Various Types of Business Loans

1. Term loan
Loans can be secured
or unsecured. The amount available is based on the business's
credit history. The term is fixed, between 1 to 5 years if unsecured business
loan or up to 15 - 20 years for a secured
Business Loan. Term loans are taken for a specific purpose,
usually for capital expenditure. The lender distributes the sanctioned
funds in a consolidated amount.
2. Start-up loan
Start-up loans are for new business ventures. Applicants for such
loans may not have the best credit history due to a lack of business
vintage. Thus, to determine the eligibility of a
Business Loan, the lender will consider the personal credit
profile of the borrower with the company. Current turnover figures and
other financial matters are also considered to determine the loan
amount, tenure, and applicable interest rate.
3. Letter of
Credit
A letter of credit is a type of credit limit
used majorly in trading businesses in which the bank or lender
provides funding guarantees to enterprises that deal in
international trade. It can be used for both import and export
purposes. Individuals who are doing business overseas tend to deal
with unknown suppliers, so for that, they require assurance of
payment before performing any transaction. Therefore, a letter of
credit plays an important role in providing payment assurance to the
suppliers.
4. Working capital loan
A working capital
loan is a type of small Business Loan taken out on a day-to-day
basis to alleviate the cash crunch. It balances the cash flow needed
to run a business. These loans are also helpful to meet the cash
shortage during the off-season or to meet the demand during peak
season. The most eligible applicants are service providers,
manufacturers, wholesalers, retailers, or traders involved in exports
and imports.
5. Loan against property for SME
In this, the borrower must mortgage his property to get funds for
business purposes. The borrower may apply for funds against
residential or commercial property. Lenders can lend up to 70% of the
current market value of the property. The title of the property should
be clean and litigation-free. The term of such a loan is 15-20 years
depending on the terms and conditions laid down by the lender.
6. Invoice financing
It’s also called
invoice discounting or invoice factoring. This type of funding is
especially for small businesses that face delays in raising invoices
and receiving payments from clients. Lenders can lend up to 80% of
the invoice amount. Once the business has received the payment, it
clears the debt according to the fixed term and interest rate.
7. Equipment lending
These are the
manufacturing businesses that usually opt for equipment lending or
machinery loans. Manufacturing units need expensive equipment to run
their business and to buy machines, out of all kinds of Business
Loans, tool financing is the most preferred. This is because
the machinery loan is specific, with the equipment in question being
taken as collateral along with some other securities. Interest rates
may be lower than what is charged on another unsecured loan.
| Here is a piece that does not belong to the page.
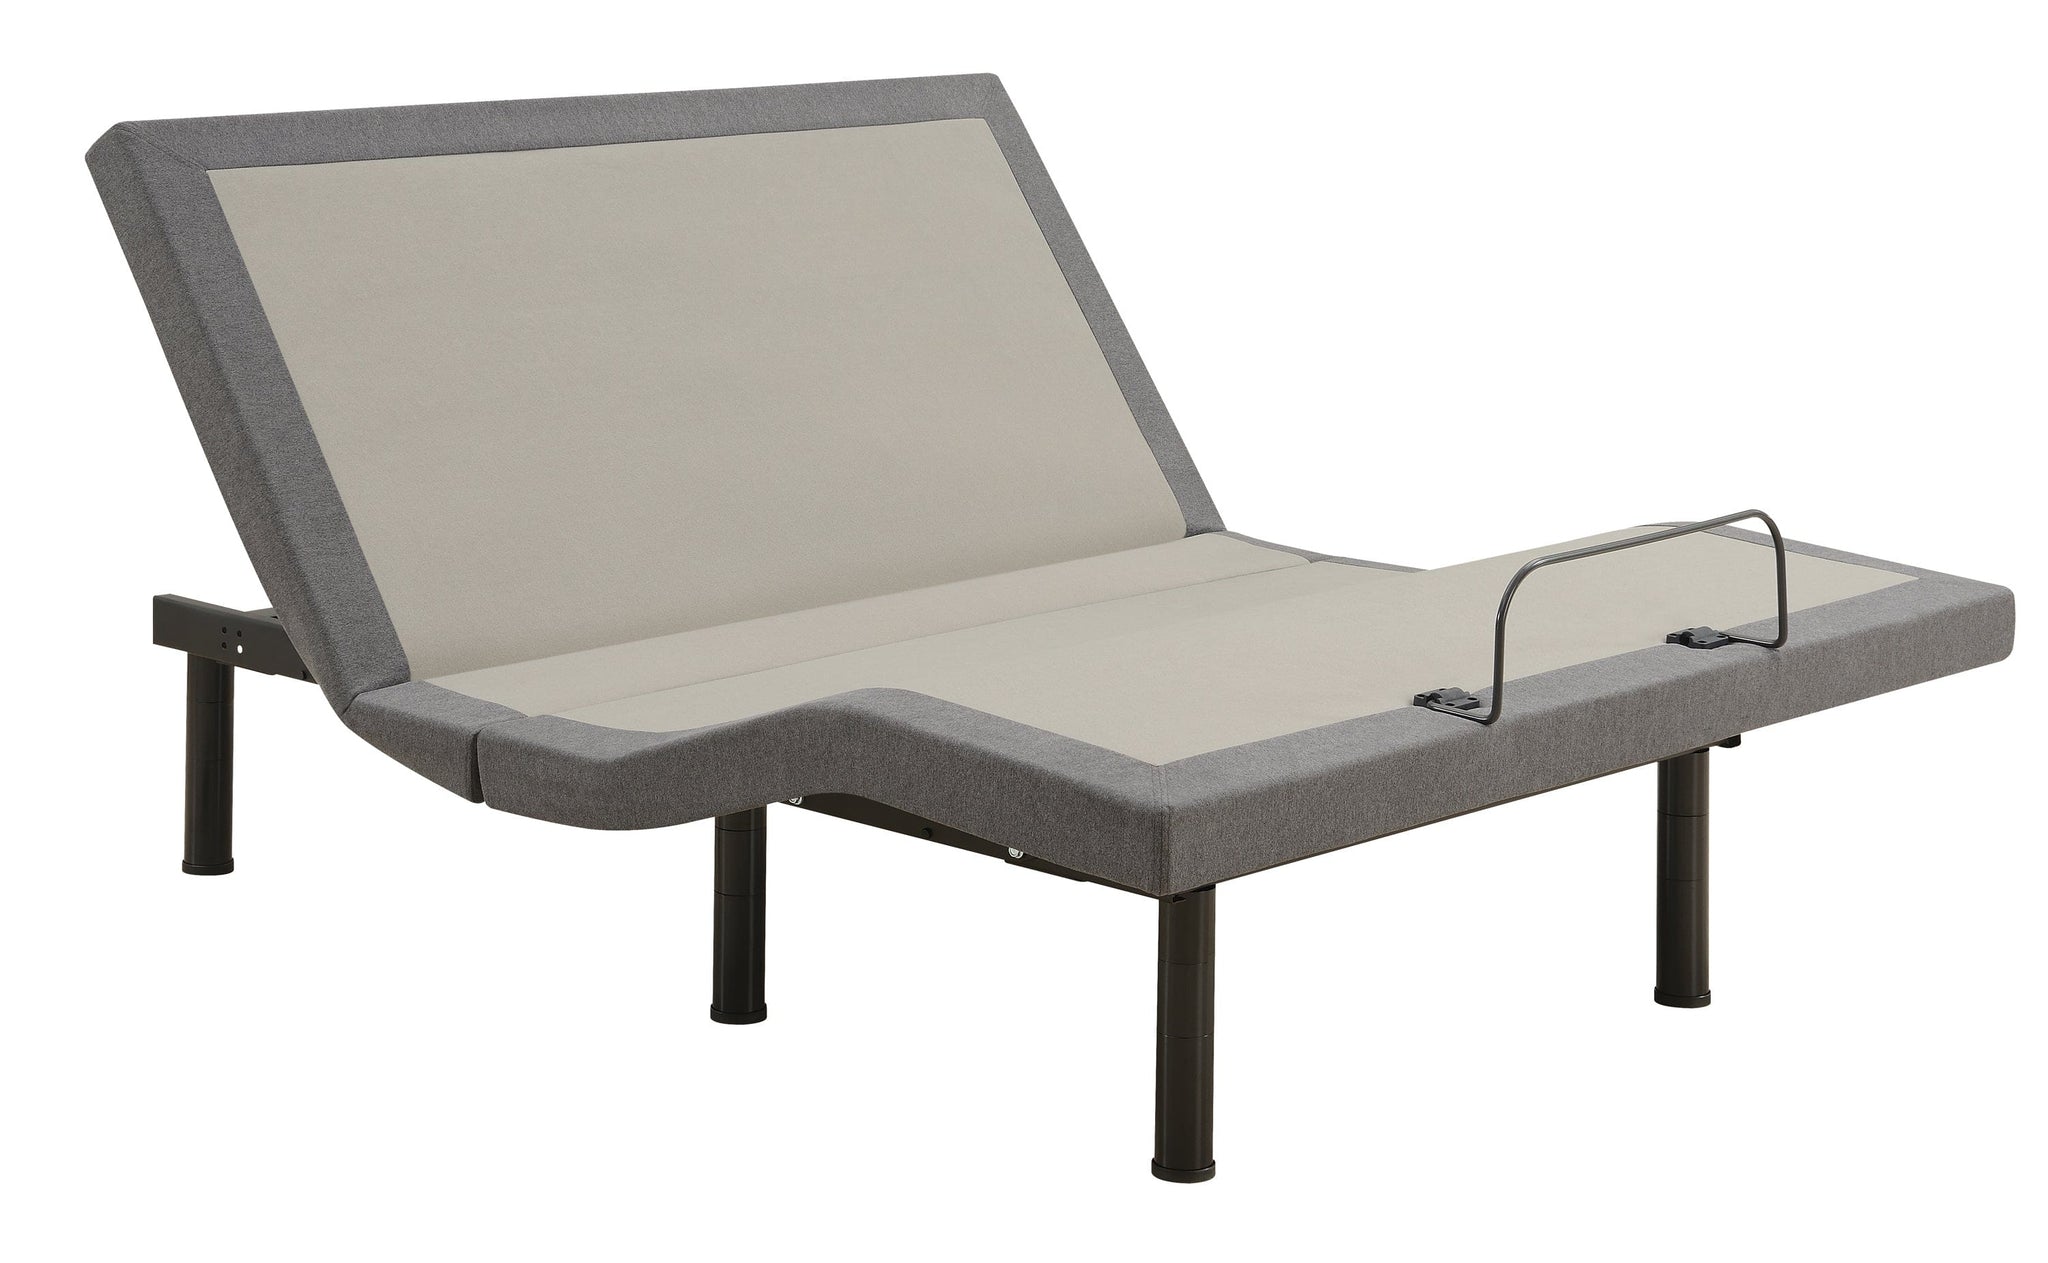 Negan Full Adjustable Bed Base Grey And Black - 350132F

8. Business loans for women
Some financial
institutions have special schemes for Business Loans for women
entrepreneurs. The Government of India has also taken initiatives
to encourage women to set up small to medium-sized businesses.
Benefits of special loans for women entrepreneurs include flexible
loan amounts, discounts on standard interest rates and faster loan
processing.
9. Equipment finance or machinery
loan
Equipment finance or machinery loan is a funding
option offered to borrowers to purchase new equipment/machinery or
upgrade an existing one. Equipment finance is mainly used by large
enterprises and enterprises engaged in manufacturing. Enterprises or
business owners who get equipment finance or machinery loans also
enjoy tax benefits. The interest rate, loan amount, and repayment
period offered vary from lender to lender.
10.
Overdraft
An overdraft facility is offered against
securities or collateral, especially in respect of a fixed deposit
in a financial institution. The lender analyzes the borrower's
credit history, relationship with the institution, business cash
flow, and payment history before approving a fixed overdraft limit.
The borrower can withdraw the required amount and pay interest only
on the amount used. The funds can be utilized in this manner till
the principal and interest are paid on time.
Conclusion
It is advisable to choose a Business Loan based on your business profile and needs. The information provided above will help you determine the most appropriate type of financing for your venture as a business owner.